Photocoupler interface

Question

I found a CNA1011K photocoupler laying around and I wish to try it out. Could someone explain what the parameters from the datasheet mean and how to use them for particular circuit parameters?

1. LED maximum current If: 50mA - that's understood. How about the voltage across it? Standard LEDs have nominal voltage and current ratings, but not this one.

2. Reverse voltage and current: why should I care about them?

3. Forward voltage: @ If= 50mA is 1.2V. How do I ensure a 50mA current? If I use a 50Ohm resistor, as in the circuit diagram, the current will be 24mA, right?

4. Is it better to alter the light intensity by increasing the voltage or the current through the LED?

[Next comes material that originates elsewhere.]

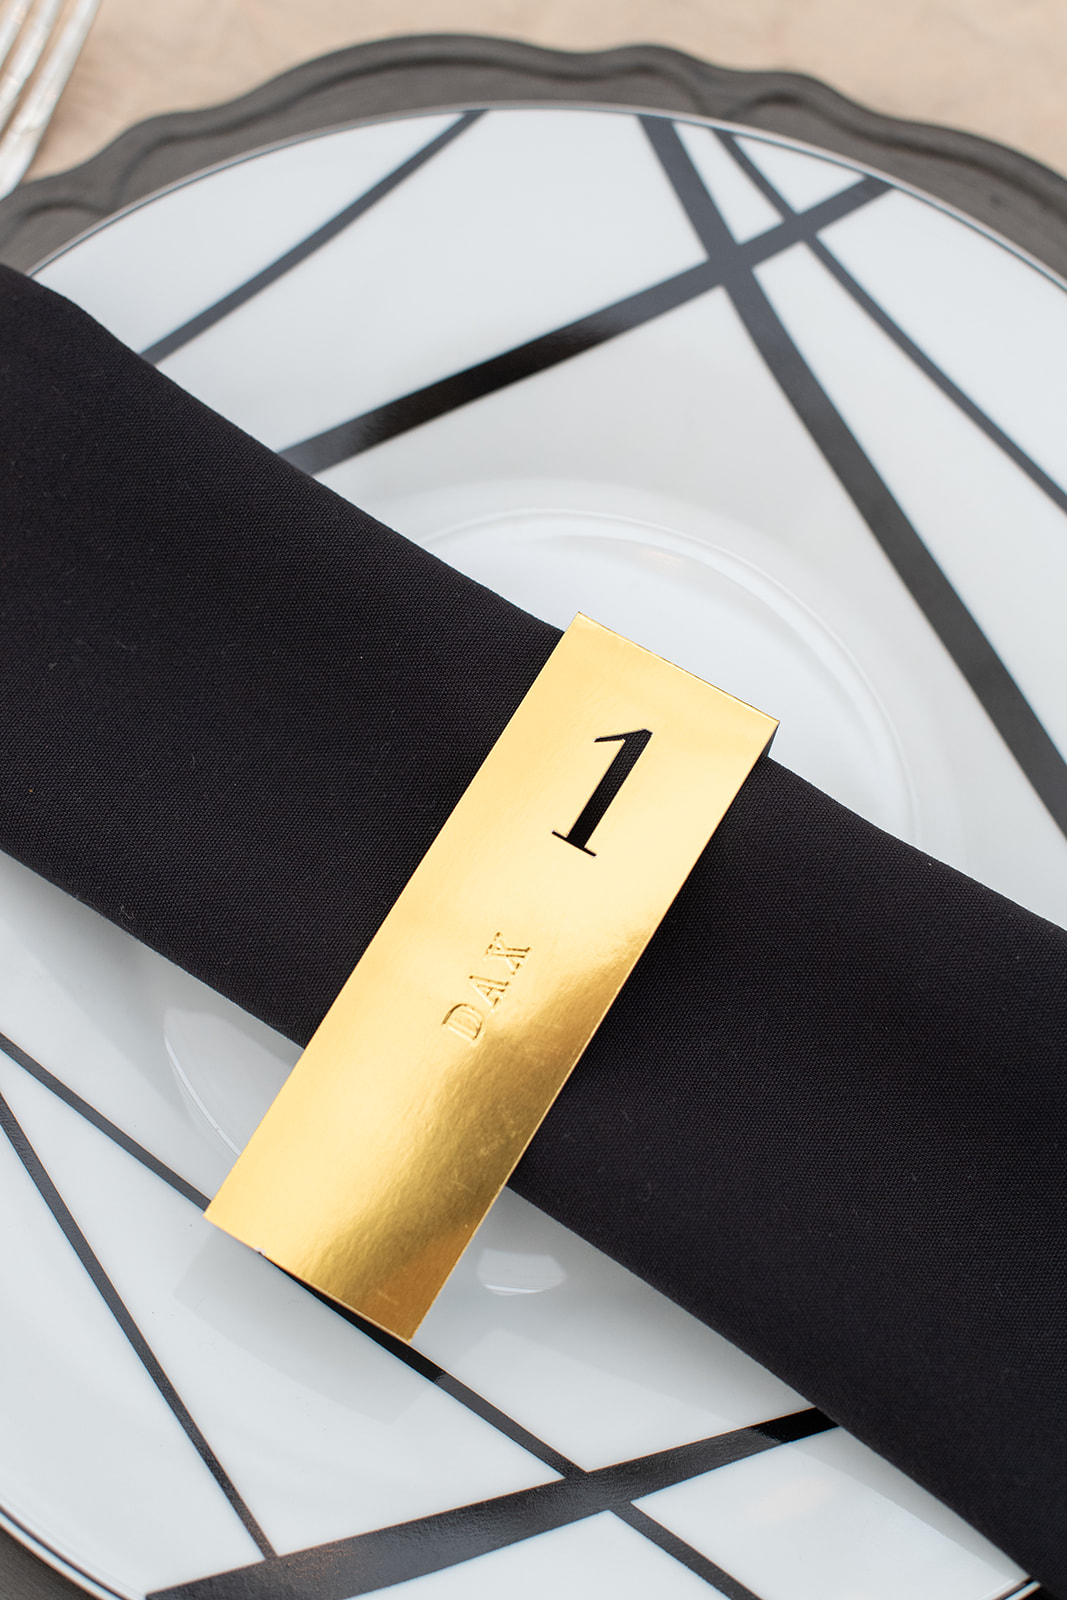 Black and gold wedding escort card design

5. How do I know what base current range I can generate with LED? How to choose the RL value based on an arbitrary Vcc voltage, what is the Vcc range?

Answer 1

The forward current is the absolute maximum rating. Just about any current will suffice to power the LED. Minimize the current for your application, generally 5 to 10 mA is sufficient for firing the LED.

The reverse voltage should be limited to prevent damage to the device. Although I don't see any reverse protection in the symbol, just keep the maximum reverse voltage below what the manufacturer recommends.

You do not have to ensure 50mA forward current on the emitter, it's just an LED. The resistor is the same as in a normal LED, size it to provide your desired current flow with your desired supply voltage. The diagram on the data sheet doesn't say what the supply voltage is.

The only thing that can change the emitter intensity is current through it. The current through it depends on the supply voltage and the series resistor (or other current limiting means). Why would you want to change the intensity anyway? That device is a simple optocoupler. It is meant to switch on and off, not convey an analog signal. Actually from the packaging of that device, it is most likely meant to be used with an encoder wheel with gaps to alternately pass and interrupt the emitter light.

The maximum open collector voltage appears to be 30 VDC. Choose your load again, based on your collector supply to ensure reliable and clean switching of the output. Almost any value will work as long as you don't exceed the output transistors current rating of 20mA. The lower the load resistor however, the longer the output rise time will be.

Answer 2

1. The voltage across the LED will be less than 1.2V typically but it won't change much at any reasonable current. See this graph- at 5mA you have 1.1V and at 50mA 1.2V, typically. Different units will tend to have somewhat different forward voltages, and the voltage will change with temperature.

2. You don't need to care about reverse voltage and leakage current unless you are going to apply a reverse voltage.

3. Forward voltage is typically as the above graph. You should not attempt to get 50mA- that's the maximum. Something more like 10-15mA will give you longer life. At 10mA, the forward voltage is a bit less than 1.2V, so if you have a 5V source, the resistance could be 380\$\Omega\$ (maybe a standard value of 360 or 390 ohms could be used).

4. You need to limit the current through the LED with a resistor or a current source- feeding an LED with a 'stiff' voltage source will likely lead to tears.

5. If you look at the coupled characteristics here:

You can see that at 10mA you'll typically see maybe 250uA of collector current. You should add quite a bit of margin to that because of variations with time and LED aging, so maybe you can count on 100uA of collector current. Your comments indicate that you want 5mA collector current- that's not really feasible reliably with this opto.